Its adherents miss the point that the very root of the three principles is self-government, which spells democracy, and democracy is what independence is all about.
However, Hau choked at having to even consider such nefarious thoughts.
Instead, Hau retreated to the cyclic fantasy of Zhonghua minzu (中華民族), the outdated Constitution and the so-called “1992 consensus” — where allegedly in party-to-party discussions, the KMT and the CCP agreed to allow each other’s fantasy of what “one China” means.
One would have thought that Hau in his recent trip to Beijing would have begun to recognize the growing reality of the CCP’s interpretation of the war, victory over Japan and history.

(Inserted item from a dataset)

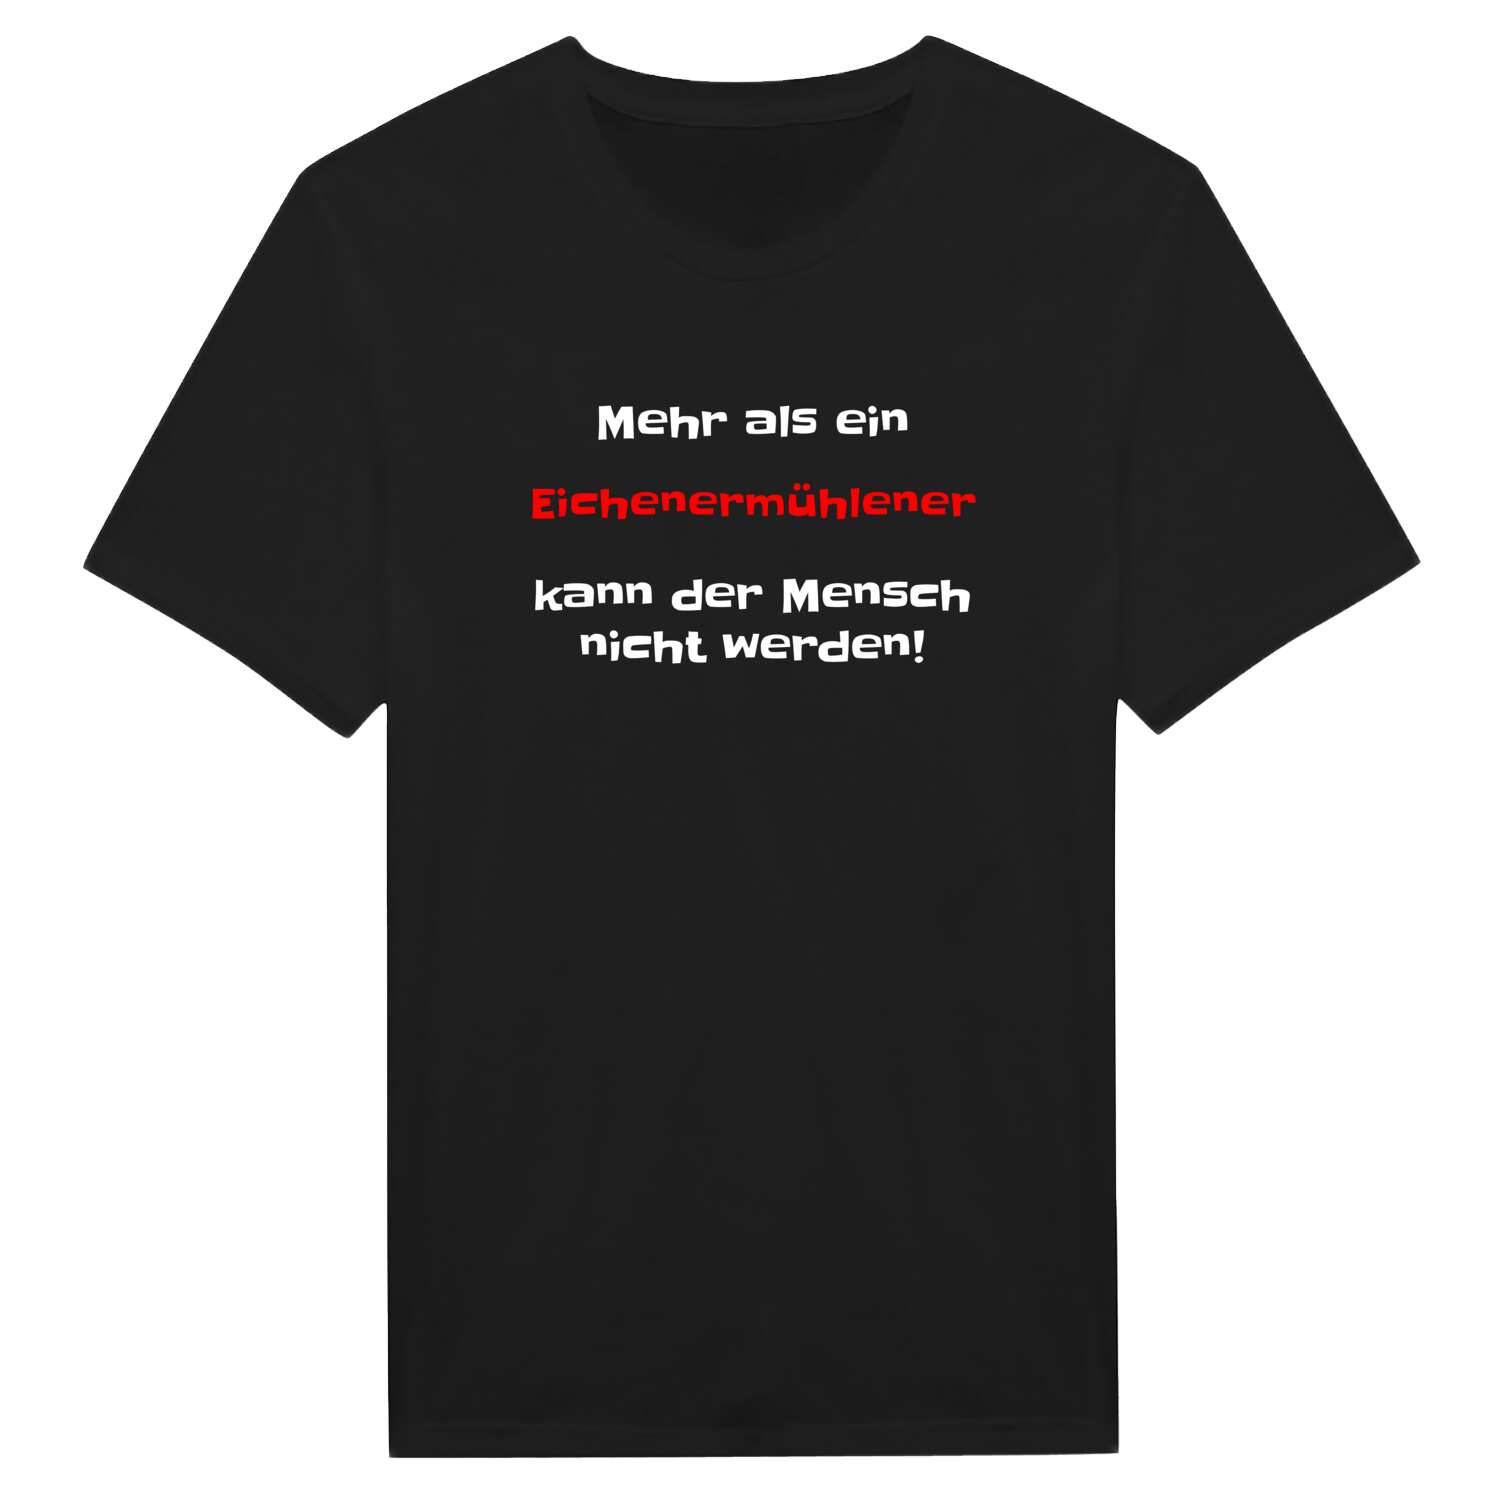 Eichenermühle T-Shirt »Mehr als ein«

However, Hau totally missed that wake-up call, as well as the point that his presence in Beijing was being tolerated simply because he was a loser in the Chinese Civil War and therefore he and the Constitution were no threat.
As for the “1992 consensus” — which the KMT admitted to fabricating — it can be translated as saying to the CCP: You won the civil war, but at least let us believe we won it, and then we can both live in our own fantasies of what “one China” really means.
The ironies of Hau’s talk continued to compound.
He even attempted to raise the old “inevitability” argument, an argument that is more dangerous to Taiwan than a two-edged sword.
For example, Hong Kongers — who are already are bound up in the CCP’s version of “one China” — continue to demand that the CCP grant them a denied promise of government of the people, by the people and for the people.
Hong Kongers have no belief in the “inevitability” of the CCP’s one-party state, yet Hau, in his fantasies, does.
Hau’s plea is in effect the cry of a loser who hopes to somehow lay claim to at least a part of something historically significant.
And although pictures of Sun abound in Taiwan as well as in China, reality shows that neither the KMT nor the CCP have ever had any real belief in, or understanding of, the three principles. The ROC’s founding father remains a foil to justify those in power keeping all others in tutelage.
Hau is a man way past his prime, and his dated beliefs pose no immediate threat to the nation by themselves.
Instead, the danger to the nation is not from Hau, but from how many KMT members and their followers still live in his fantasy world.
For example, President Ma Ying-jeou (馬英九) — depending on his audience — will at times utter words that are similar to Hau’s.
Taiwanese need to be aware of the distorted reality and twisted view of histroy that these people adhere to, especially as important elections are on the horizon.
Jerome Keating is a writer based in Taipei.